Not equal vs IN in AWS Redshift


usually iit is better to use IN as not equal in Oracle or another SQL databases. The optimiser could rewrite the query to use the index for scanning the values.

I am curious how can it affect the performance cause there is no classic index on a column like in Oracle.

Does it affect the performance in Redshift if using <> 1 instead of IN ( 2,3,4 ) ?


Solution

  • This is very much an "it depends" situation. Redshift uses metadata on all columns to know which blocks contain which value ranges. Being able to exclude data from a query based on metadata is one of Redshift's most powerful features when dealing with large tables. So if you are writing a clause against a column that has (valid) metadata that help with this data reduction then one set of factors are in play. If not then another set.

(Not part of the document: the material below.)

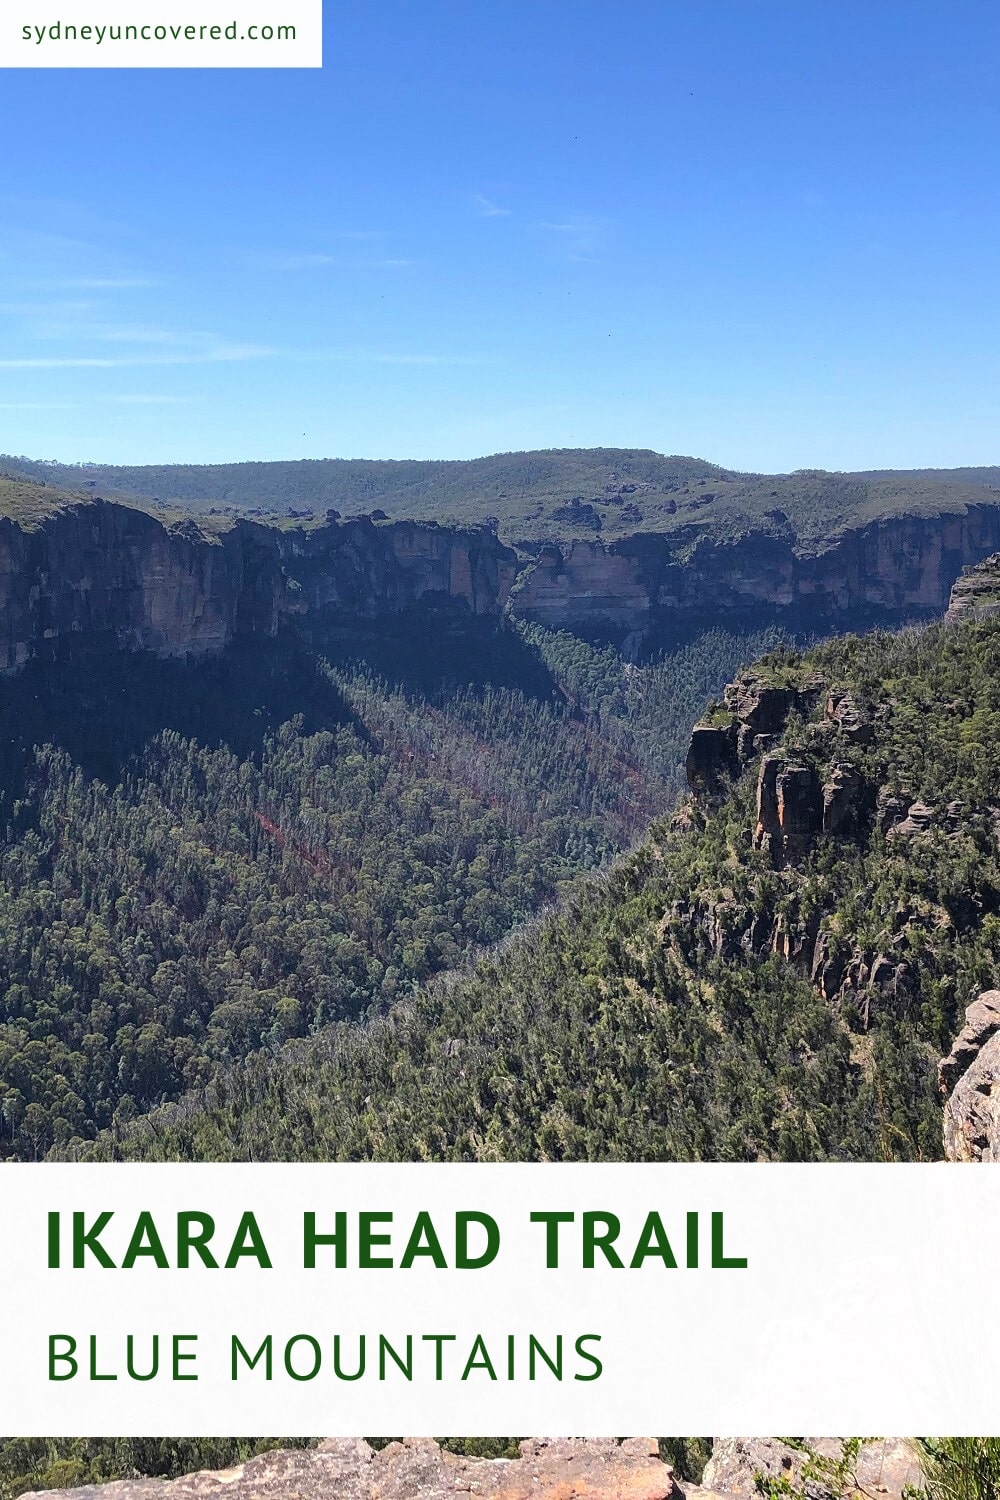 Ikara Head Trail in the Blue Mountains

    In general positive assertions like A IN (2,3,4) is better than a negative assertion like A <> 1. Redshift can use the former to compare metadata against these values and exclude blocks that cannot include any of them. It can also use A <> 1 as it is a simple case and remove any blocks that only has the value 1. The killer is NOT IN as this usually requires a full scan of the table.

    Now Redshift can convert long IN lists (10 or more last I tested) to virtual tables and INNER JOINs this to achieve the same result. This can also thwart the metadata check so long IN lists are also a potential problem. In this case the <> 1 could be better.

    If your metadata isn't helpful in reducing table scan then the difference will likely be much smaller. Redshift has to read all the rows and apply the clause. Not much difference between these at that level. However long IN lists still can create JOINs which could be somewhat slower.

    Like I said "it depends".